I stopped there, I think, and weighed my options. To continue walking was a laughably easy 'no', but to walk over and investigate was equally as off-putting. I lived in London, okay? Alien invasions were the norm here.
But, I had to admit, none of them ever started with the arrival of a blue box.
The doors swung open and my decision was made for me as a grappling hook came sailing out and wrapped itself – literally, it curved through the air in a way that was physically impossible – around the trunk of a large oak tree. I blinked several times, to make sure I wasn't hallucinating, but was forced to face the reality of what was happening.
Walking over took a lot of bravery, which I'm proud of myself for, even if I did mutter under my breath the entire way.
"I'm gonna get killed by a maniac in a blue box," I said. "What sort of a maniac chooses a blue box as a mode of transport? What's scary about the colour blue?"
And then a set of hands grabbed at the side of the box and a man began climbing out, all gangly limbs and floppy hair. He was soaking wet, floppy hair plastered to his forehead, and he stared at me as though he hadn't been expecting to see me stood there.
The man, in the blue box that had arrived from the middle of nowhere, was surprised to see me.
"Hello," I waved to him awkwardly.
"Hello," he said, not waving back. "Where am I?"
I glanced around, wondering if I should just say 'Earth' and leave it at that. "Shoreditch, North London."
The man climbed fully out of the box, resting on the side. He looked around and greatly resembled a Meerkat scoping out its territory. "Totters Lane?"
"A street off, actually," the man had a surprisingly good grasp of geography. "Are you an alien?"
"Usually it takes them longer to ask," he said, looking at me properly for the first time. "Why'd you think that?"
"You appeared out of a gap in the sky in a blue box," I said. "What part of that screams 'human'?"
He laughed. "You're good."
"And you never answered my question."
The man clicked his heels together, hands in his lap. The clothes he wore were strange; normally, I'd say it was just a suit… if it wasn't ripped to shreds and pulled tight across his body like it was three sizes too small for him. "I am an alien, yes. I think."
I frowned at that. "How can you think you're an alien?"
"It's not my fault," he defended. "Everything's fuzzy right now, post-regeneration haze. You're lucky I didn't wish you 'Merry Christmas' and then collapse in your arms. It's what happened last time."
"I'm atheist," I began, the frown not leaving my face. "And you're weird."
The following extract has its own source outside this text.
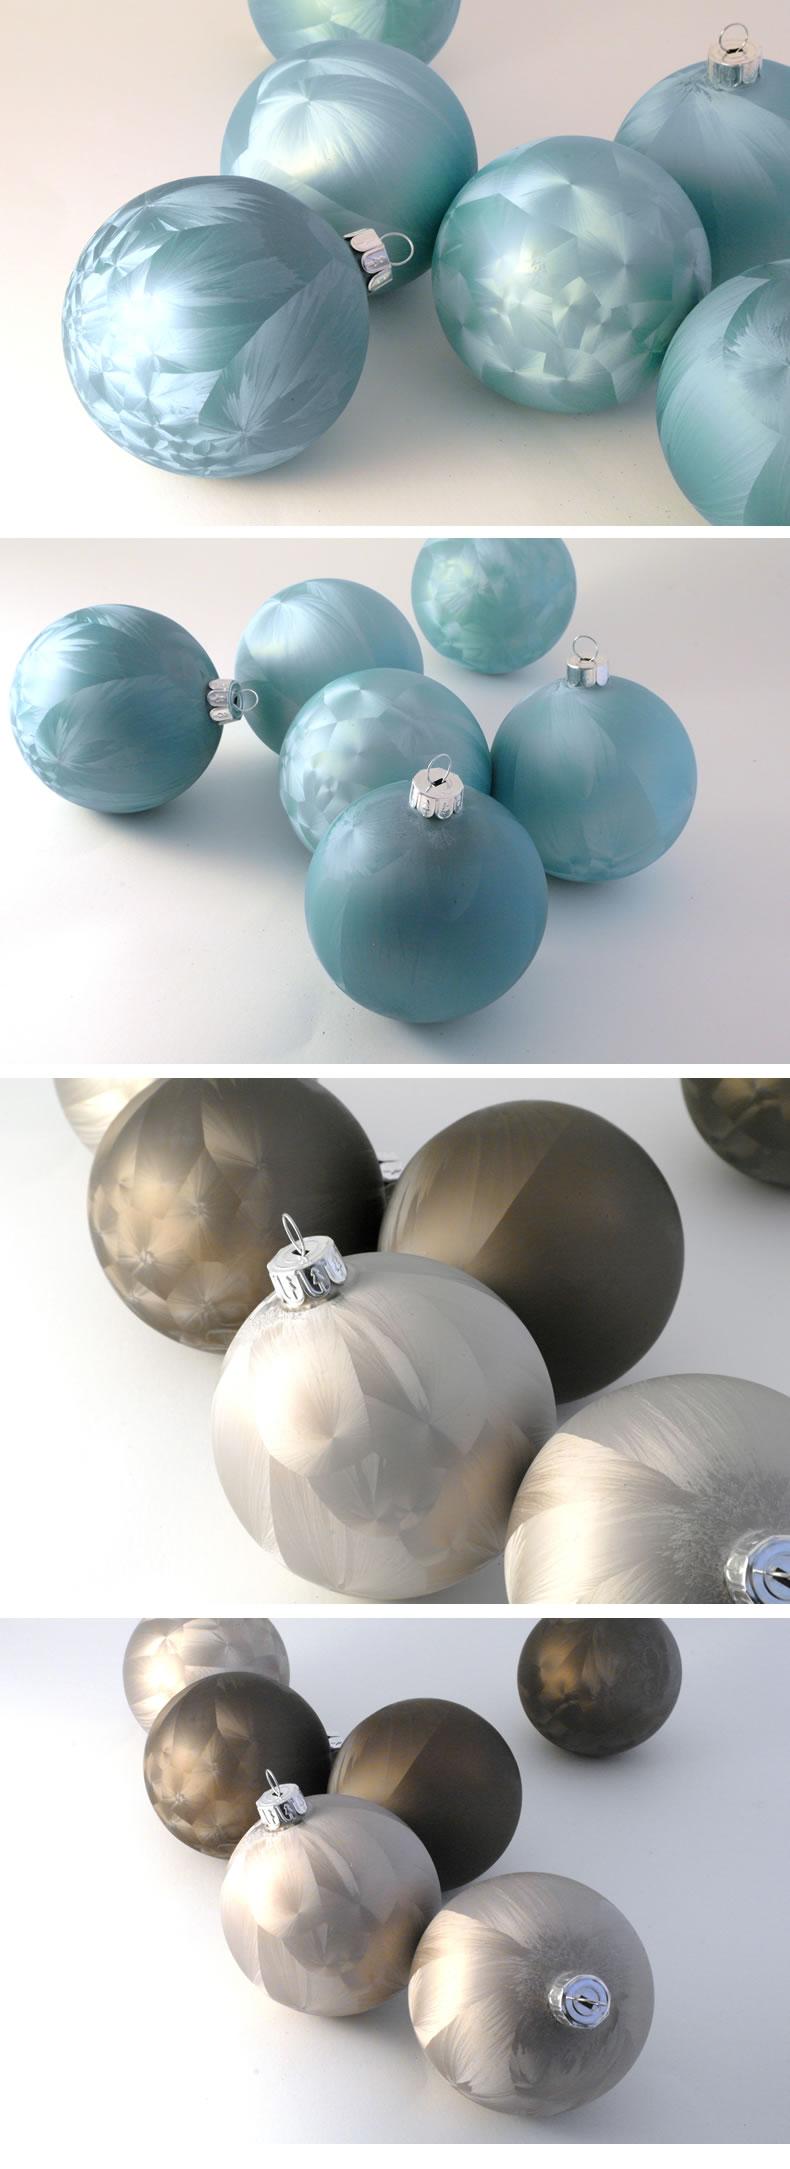 4 xl design weihnachtskugeln christbaumkugeln kugel glas dekokugeln baumschmuck ebay. Black Bedroom Furniture Sets. Home Design Ideas

He hopped off the box, landing on his knees. There was a strange twitch that ran throughout his body before whatever it was got expelled through his mouth; a great big exhale of golden dust. It flew up into the sky, dispersing gradually until I couldn't make out the faintest glint. "Don't worry," he said. "Perfectly normal."
"Normal for an alien, maybe." I dropped my shopping to the ground, helping the man stand. "Who are you?"
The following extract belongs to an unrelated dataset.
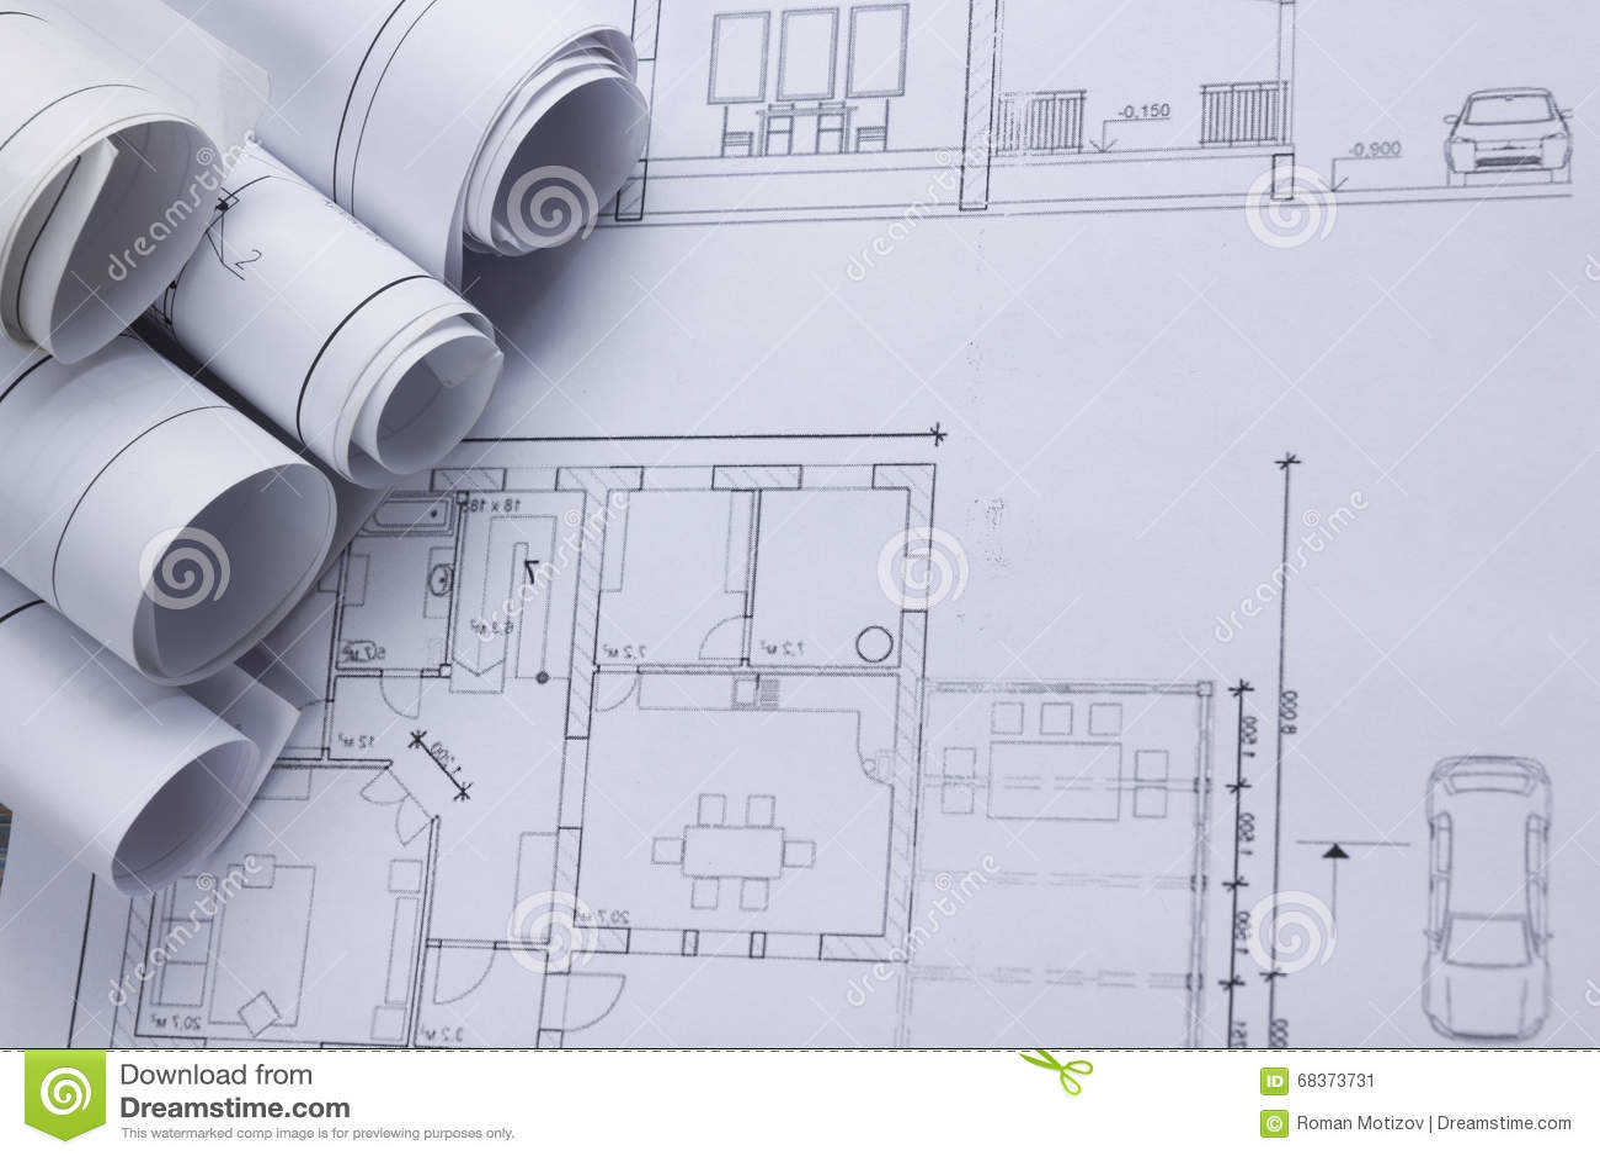 architect worplace top view architectural project blueprints blueprint rolls on plans construction

"The Doctor," he wobbled for a moment, bopping my nose. "I think."
"Doctor w-" Suddenly the finger he'd used to bop my nose was on my lips, stopping me from speaking.
"I don't like that anymore," he explained. I didn't really know what was wrong with the man; even he looked confused at his actions. "Don't ask that."
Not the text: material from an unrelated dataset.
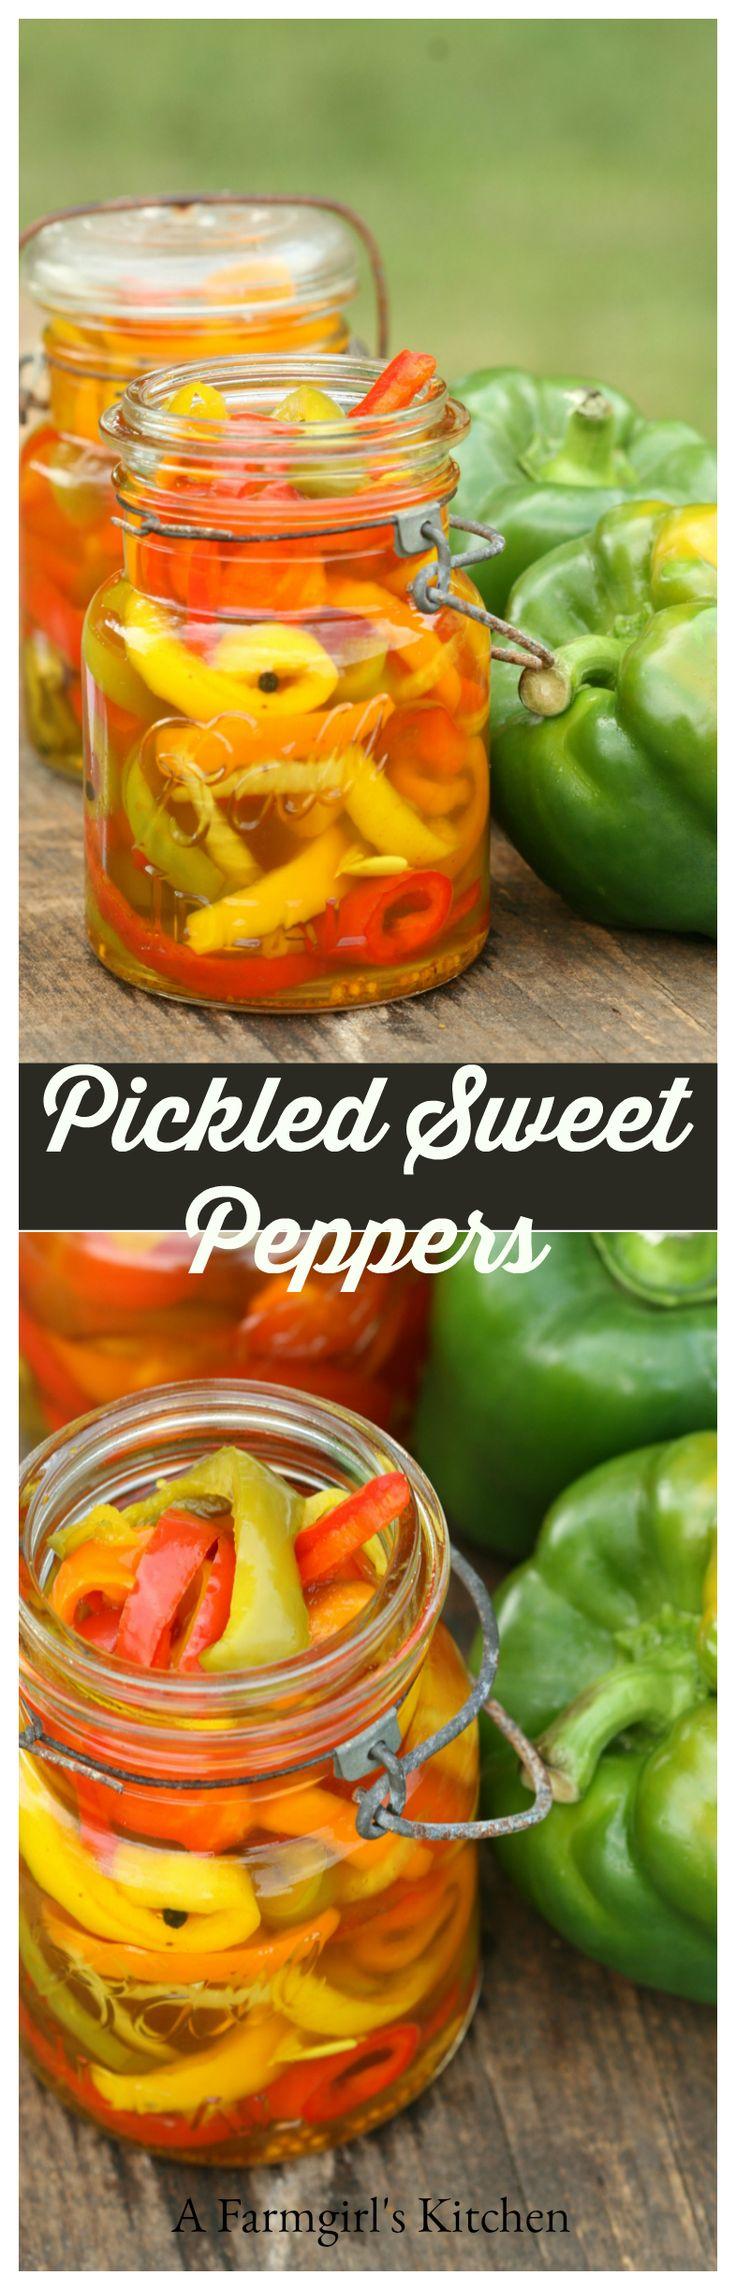 Homemade Pickled Sweet Peppers #recipe #homemade https://afarmgirlskitchen.com/pickled-sweet-peppers/

I blinked at him, the tender skin of my lips tingling when he moved his finger away. "How can you be called the Doctor? That isn't a name… it's a title."
"I just am." he said. "Just accept it and move in. Make your life easier. That's a lot of ice cream."
We both glanced down at the abandoned shopping bags at my feet. An awkward silence lingered. "Um. I… really like ice cream?"
"I didn't," the Doctor – still a stupid name – mused. "Don't know if I do now. It'll be a test, yeah?"
And then, without even asking me, he swooped down and grabbed one of the tubs. Ripping it open with what I can only describe as inhumane strength (seriously he ripped off the plastic wrapper and the lid without even pausing), the Doctor then scooped up a massive handful and shoved it in his mouth.
I stared at him with equal parts of disgust and awe. "You're paying for that," I said, very quietly.
"It's good," he rolled the ice cream around his mouth, tongue peeking out to lick at the corner of his lips. "Better than I remember. Bit warm though."
"You're completely mad," I realised. "You're a mad, wet alien."
The Doctor blinked at me, ice cream forgotten. He glanced down at himself, as if realising his state of undress. "Oh, that isn't me. That was the swimming pool."
I looked at him, and noted with bone-deep certainty that he wasn't lying. "The blue box is a swimming pool?"
"The blue box has a swimming pool," he corrected, eating more. "And a library. That's where I was – the gravity turned off, damage to the stabilisers, boring stuff. The swimming pool fell down after I did, made for a soft landing."
"Was that supposed to be an explanation?" I asked, taking some of the ice cream for myself. I needed the comfort food sooner than expected. "Because you just made everything more complicated."
"Humans are always so slow," the Doctor sighed. "The box is in fact an inter-dimensional time machine that can go anywhere and anywhen in all of creation, and inside it has a swimming pool and a library. It's very simple and easy to understand."
I hate this man, I thought. Outloud, I said; "That's the opposite of simple."
He glared at me- or at least, he tried to glare but then another coughing fit happened and I had to pat him on the back until he breathed out more of the golden stuff.
"You sure that's normal?" I asked, watching it move off into the atmosphere.
"Post-regeneration," the Doctor waved a hand, gasping for breath. "I'm working out the extra regeneration energy from my system. Like breathing in dust only you don't breathe it in and it isn't actually dust."
"Regeneration? That's what happened to you? You regenerated and now you can't remember simple stuff like whether or not you're an alien?"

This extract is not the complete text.